Steps Taken To Reach the Completion Point under the Enhanced HIPC Initiative

Upon reaching its decision point under the enhanced framework of the HIPC Initiative in December 2000, Madagascar committed to undertake reforms to reach completion point, which makes them eligible to receive irrevocable debt relief under the enhanced framework:

(i) Preparation of a full Poverty Reduction Strategy Paper (PRSP) through a participatory process and implementation of its recommendations for at least one year.4

(ii) Maintenance of macroeconomic stability through the satisfactory implementation of macroeconomic and structural policies supported by an IMF Poverty Reduction and Growth Facility (PRGF) program.

(iii) Governance and institutional reforms—especially in the area of tax administration—including lower tariff barriers, broadening the revenue base, simplifying the tax system, and the introduction of anti-corruption measures in the country's tax and customs department.

(iv) Achievement of key social objectives, particularly in the following sectors: health, education, and infrastructure.

The HIPC Initiative

In 1996, the World Bank and the IMF launched the HIPC Initiative to create a framework for all creditors, including multilateral creditors, to provide debt relief to the world's poorest and most heavily indebted countries, and thereby reduce the constraint on economic growth and poverty reduction imposed by the debt build-up in these countries.
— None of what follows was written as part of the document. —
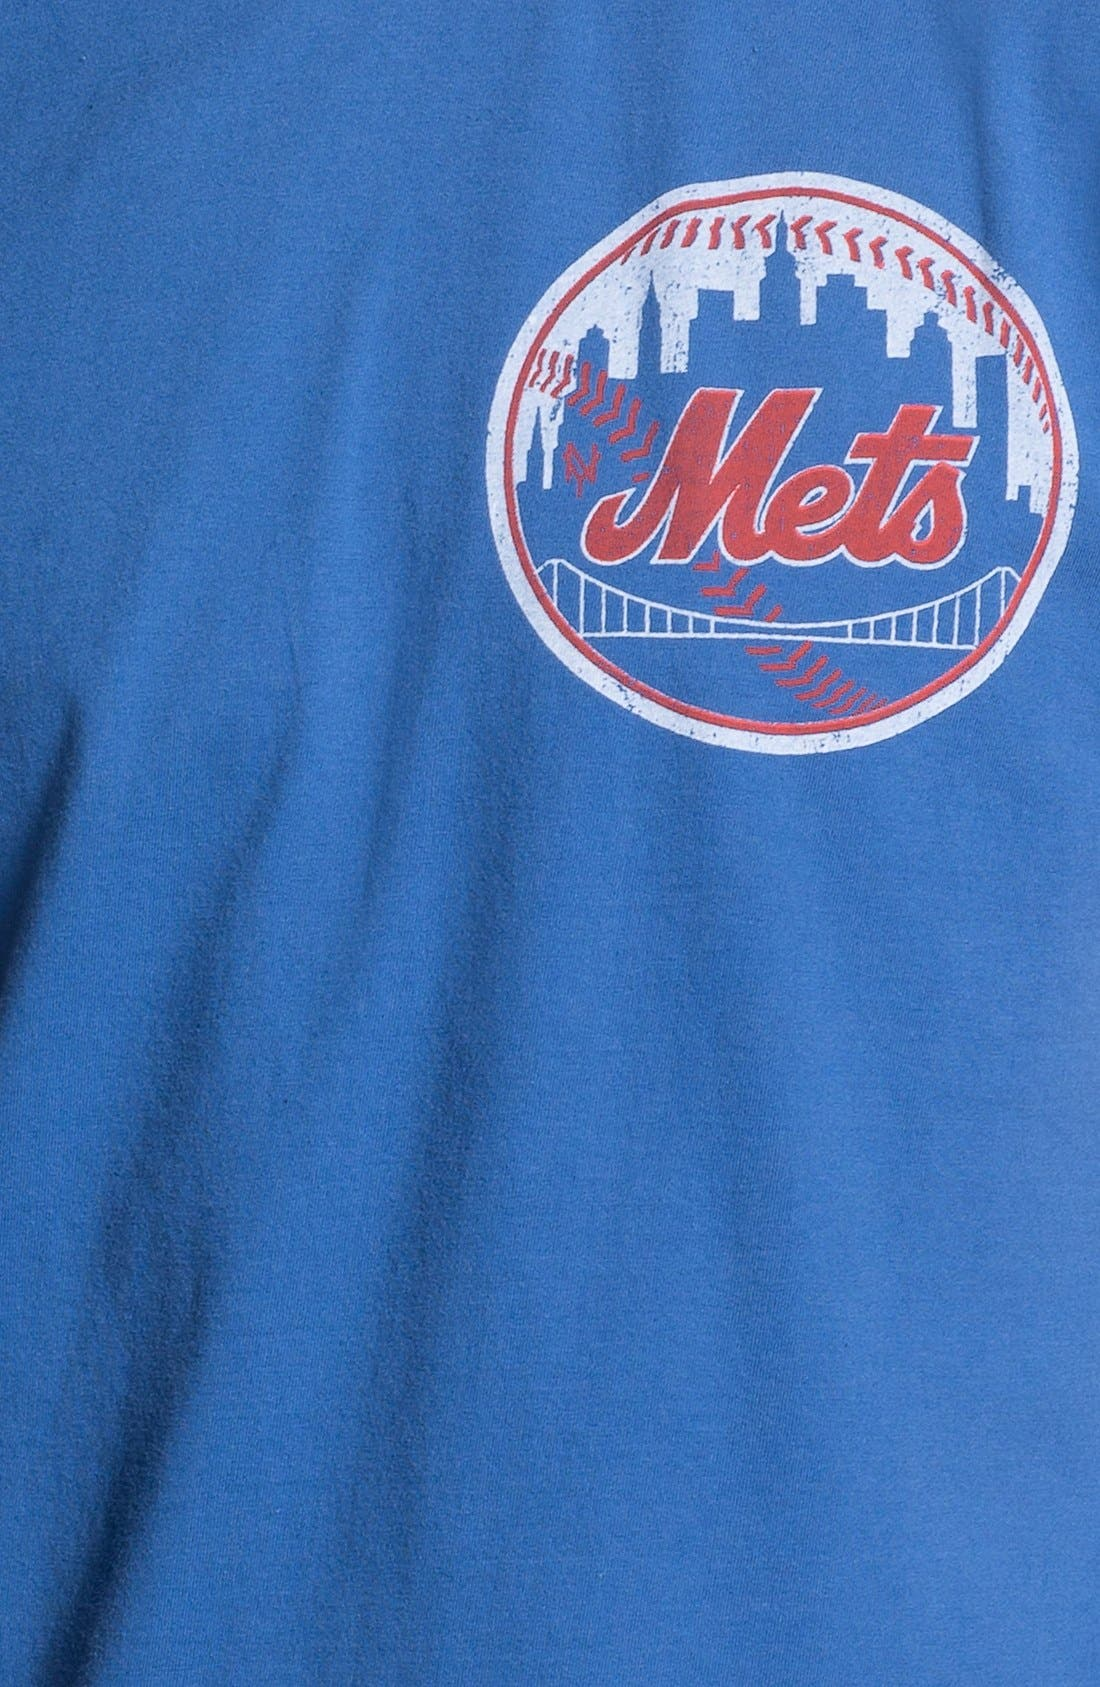 Alternate Image 3  - Red Jacket 'New York Mets' Trim Fit Ringer T-Shirt (Men)
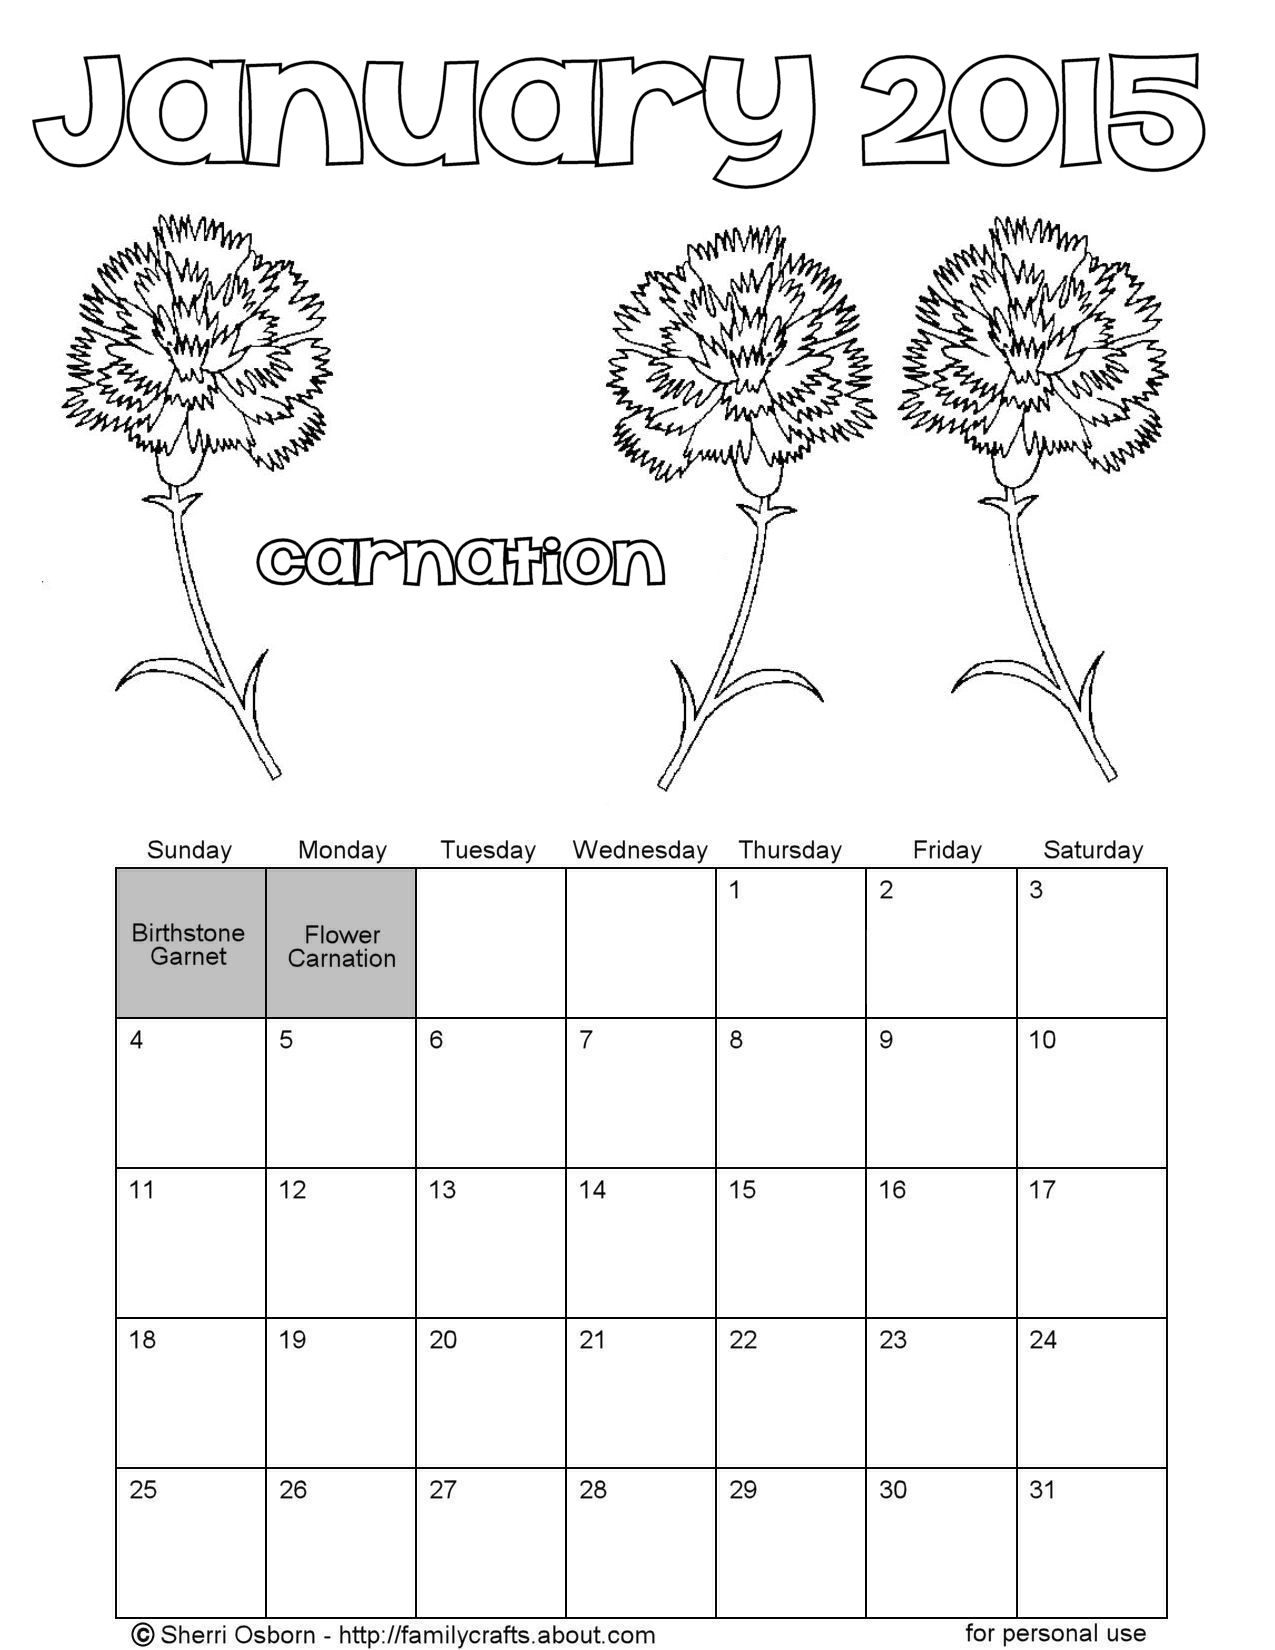 january 2015 printable calendar pages holiday favorites. Black Bedroom Furniture Sets. Home Design Ideas

The Initiative was modified in 1999 to provide three key enhancements:

Deeper and Broader Relief. External debt thresholds were lowered from the original framework. As a result, more countries became eligible for debt relief and some countries became eligible for greater relief.

Faster Relief. A number of creditors began to provide interim debt relief immediately at the "decision point." Also, the new framework permitted countries to reach the "completion point" faster.

Stronger Link Between Debt Relief and Poverty Reduction. Freed resources were to be used to support poverty reduction strategies developed by national governments through a broad consultative process.

To date, 27 countries—two-thirds of the HIPCs—have reached their "decision points" and are receiving debt relief from all sources that will amount to more than $54 billion over time, and an average NPV stock-of-debt reduction of nearly two-thirds.


1 The completion point under the enhanced HIPC Initiative is when creditors commit irrevocably to and fully deliver debt relief. The decision point, which precedes the completion point, is when debt relief is committed and begins on an interim and voluntary basis.
2 Nominal terms means the actual dollar value of debt service forgiven over a period of time.
3 The Net Present Value(NPV) of debt is the discounted sum of all future debt-service obligations(interest and principal). This measure takes into account the degree of concessionality of a country's debt stock. Whenever the interest rate on a loan is lower than the market rate, the resulting NPV of debt is smaller than its face value, with the difference reflecting the grant element.
4 Poverty Reduction Strategy Papers (PRSP) describe a country's macroeconomic, structural and social policies and programs to promote growth and reduce poverty, as well as associated external financing needs. PRSPs are prepared by governments through a participatory process involving civil society and development partners, including the World Bank and the International Monetary Fund (IMF).